# 3. Evaluation pipeline

The initial results for the second model are quite mixed. Actually, they are quite bad in general. But it is a bit hard to understand why its performance is so bad without having a proper evaluation pipeline, that should use cross-validation as a way to mitigate the effects of the randomness of the train-test split.

## 3.1. Setup

In [26]:
from sklearn.model_selection import KFold, cross_validate
from skmultilearn.dataset import load_dataset
from skmultilearn.problem_transform import ClassifierChain
from sklearn.svm import SVC
import sklearn.metrics as metrics
from typing import Any, Dict


## 3.2. Experimentation

In [3]:
full_data = load_dataset("scene", "undivided")
train_data = load_dataset("scene", "train")
test_data = load_dataset("scene", "test")


scene:undivided - exists, not redownloading
scene:train - exists, not redownloading
scene:test - exists, not redownloading


In [4]:
display(train_data[:2])
display(test_data[:2])
display(full_data[:2])


(<1211x294 sparse matrix of type '<class 'numpy.float64'>'
 	with 351805 stored elements in List of Lists format>,
 <1211x6 sparse matrix of type '<class 'numpy.int64'>'
 	with 1286 stored elements in List of Lists format>)

(<1196x294 sparse matrix of type '<class 'numpy.float64'>'
 	with 347724 stored elements in List of Lists format>,
 <1196x6 sparse matrix of type '<class 'numpy.int64'>'
 	with 1299 stored elements in List of Lists format>)

(<2407x294 sparse matrix of type '<class 'numpy.float64'>'
 	with 699529 stored elements in List of Lists format>,
 <2407x6 sparse matrix of type '<class 'numpy.int64'>'
 	with 2585 stored elements in List of Lists format>)

Just a side note here: this dataset is clearly too small.

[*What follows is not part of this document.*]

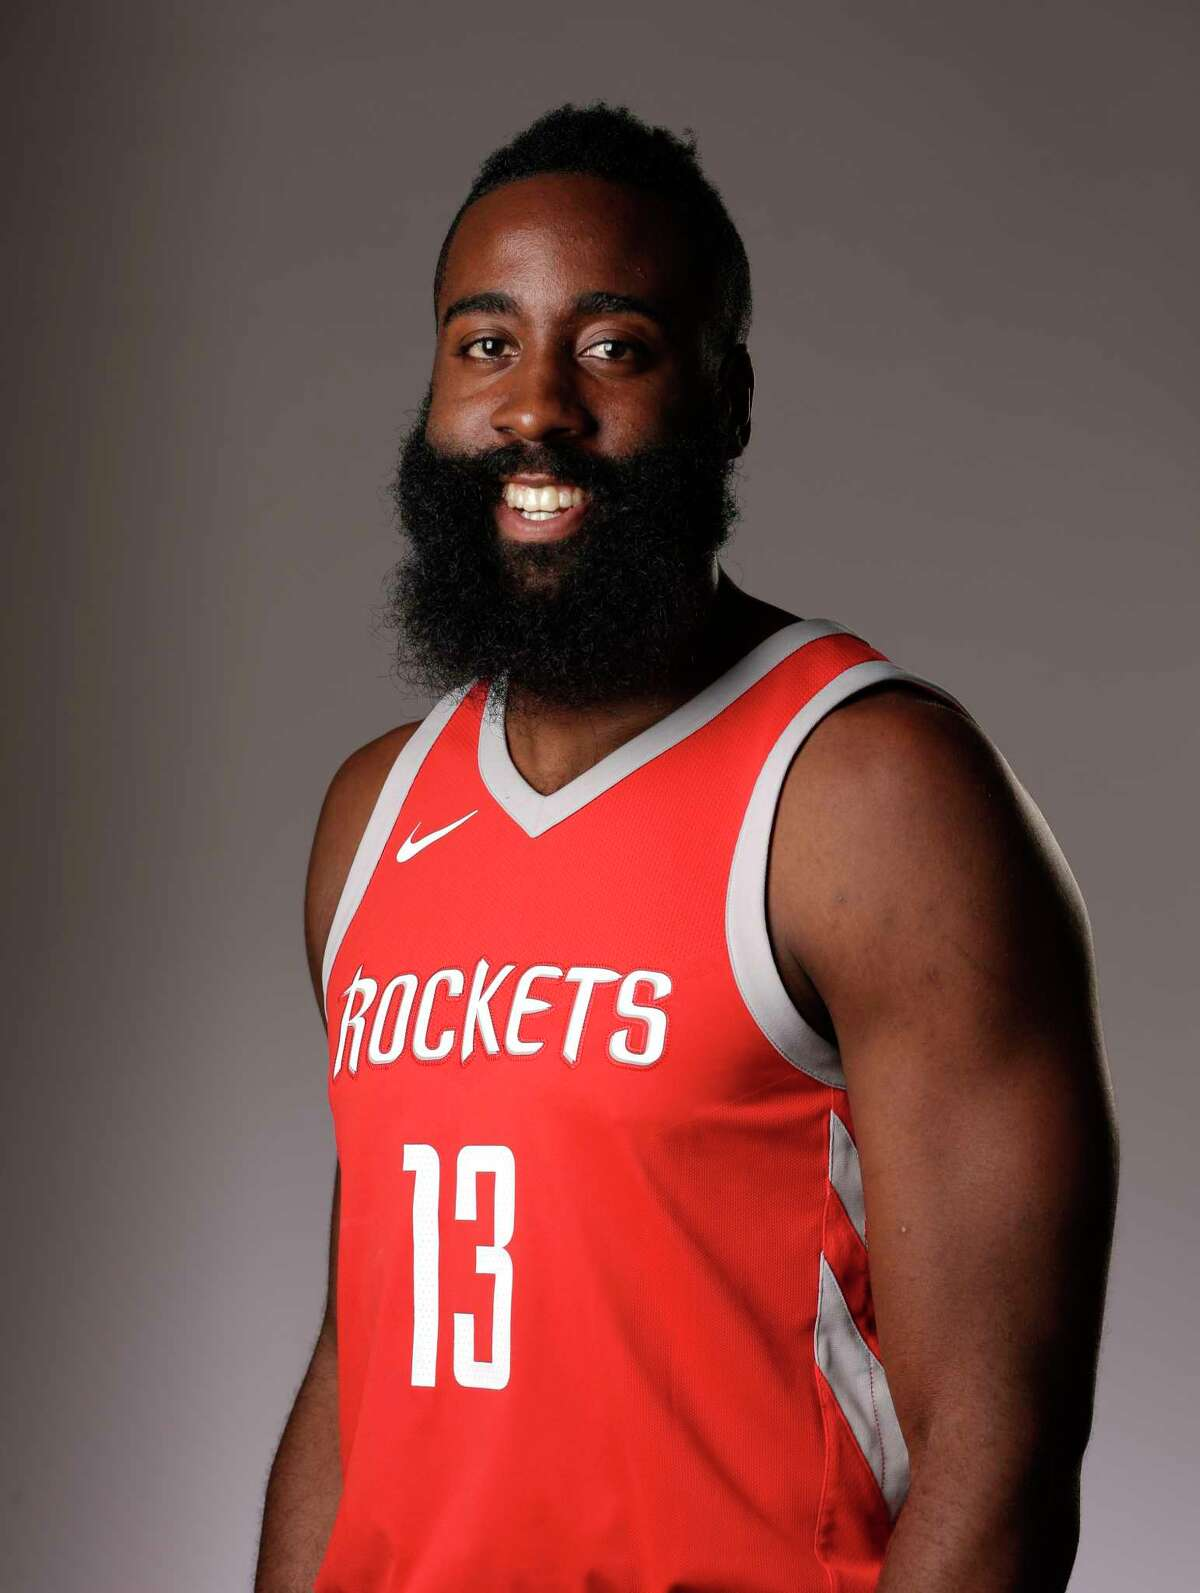 Houston Rockets' James Harden poses during a NBA basketball media day Monday, Sept. 25, 2017, in Houston. (AP Photo/Michael Wyke)

It might explain the wild results we were getting in the second model..

Anyway, let's keep going forward with the evaluation pipeline.

In [5]:
X_full, y_full, _, _ = full_data

In [6]:
dense_X_full = X_full.toarray()
dense_y_full = y_full.toarray()


skf = KFold(n_splits=5)
for i, (train_index, test_index) in enumerate(skf.split(dense_X_full, dense_y_full)):
    X_train = dense_X_full[train_index]
    y_train = dense_y_full[train_index]

    X_test = dense_X_full[test_index]
    y_test = dense_y_full[test_index]


**Notice**: `StratifiedKFold` **cannot** be used as it does not support multilabel ([source](https://stackoverflow.com/questions/48508036/sklearn-stratifiedkfold-valueerror-supported-target-types-are-binary-mul)).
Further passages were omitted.